Overblown Prose: Stylistically, the book has been faulted for its melodramatic tone and simplistic phrasing, likened by some to pulp fiction or a Dan Brown novel. Descriptions like the president “wetting himself in a forest” or the relentless use of one-sentence paragraphs prioritize shock over substance, potentially alienating readers seeking a more measured analysis.
Misrepresentation of Nuclear Policy: Jacobsen’s portrayal of U.S. nuclear forces as being on “hair-trigger alert” oversimplifies reality. While the U.S. maintains a launch-under-attack option, it is not an automatic policy, and years of planning precede any decision. Her dismissal of missile defense efficacy also relies heavily on skeptics like Ted Postol, ignoring evidence of improving technology (e.g., Israel’s Iron Dome). This selective framing suggests a bias toward disarmament advocacy rather than a balanced critique.
Moral Shallowness: Beyond its visceral depictions of destruction, the book offers little ethical reflection or actionable insight. It shocks but doesn’t engage with the deeper human or political questions—why nations retain these weapons, how deterrence has prevented war, or what realistic steps could reduce risks. The conclusion that “nuclear weapons are the enemy” feels trite, sidestepping the complexities of geopolitics.
Overall Impact
Nuclear War: A Scenario is a double-edged sword. As a wake-up call, it succeeds brilliantly—its visceral imagery and relentless pace ensure that readers confront the unthinkable. For those unfamiliar with nuclear strategy, it’s an eye-opening, if terrifying, introduction. However, its speculative nature and stylistic excesses limit its credibility as a serious policy critique. Jacobsen’s scenario reads more like a thriller than a probable forecast, which may dilute its persuasive power among experts or skeptics who see deterrence as a flawed but effective stabilizer.
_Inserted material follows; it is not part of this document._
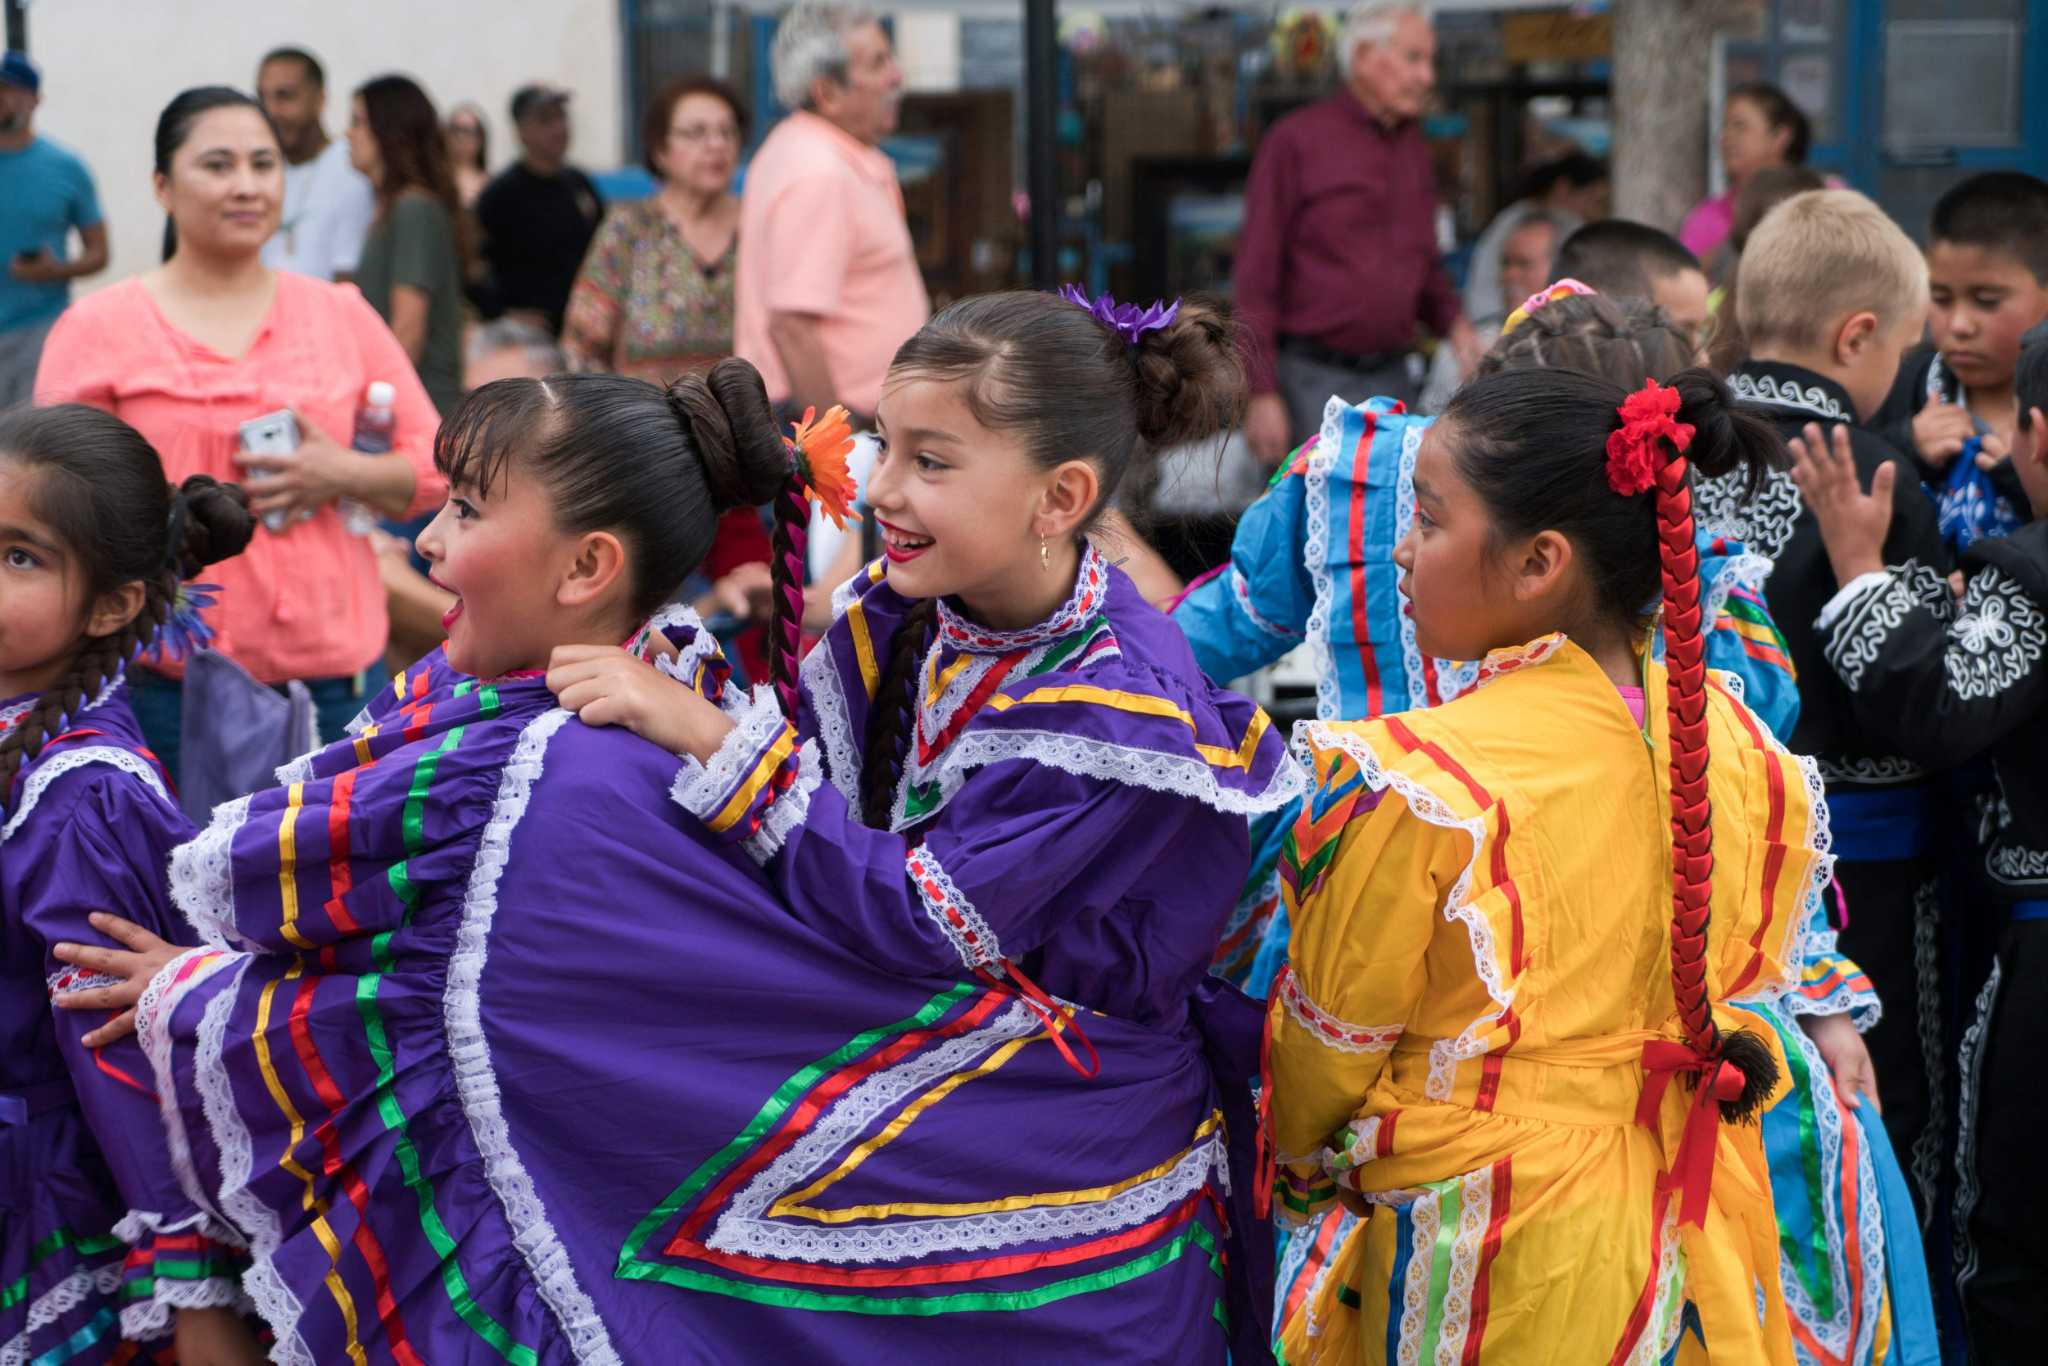 Cultural appropriation or cultural appreciation? - San Antonio Express-News

The book’s mixed reception—lauded by outlets like Forbes and The Guardian for its urgency, panned by others like The Telegraph and Global Security Review for its sensationalism—reflects this tension. It’s a valuable contribution to public discourse, especially in 2025 amid renewed nuclear saber-rattling, but it falls short of the nuanced, actionable analysis needed to shift policy. Readers seeking a gripping story will find it unforgettable; those expecting a rigorous dissection of nuclear strategy may find it wanting. Ultimately, its greatest strength—making the abstract concrete—also exposes its greatest flaw: reducing a complex issue to a singular, apocalyptic vision.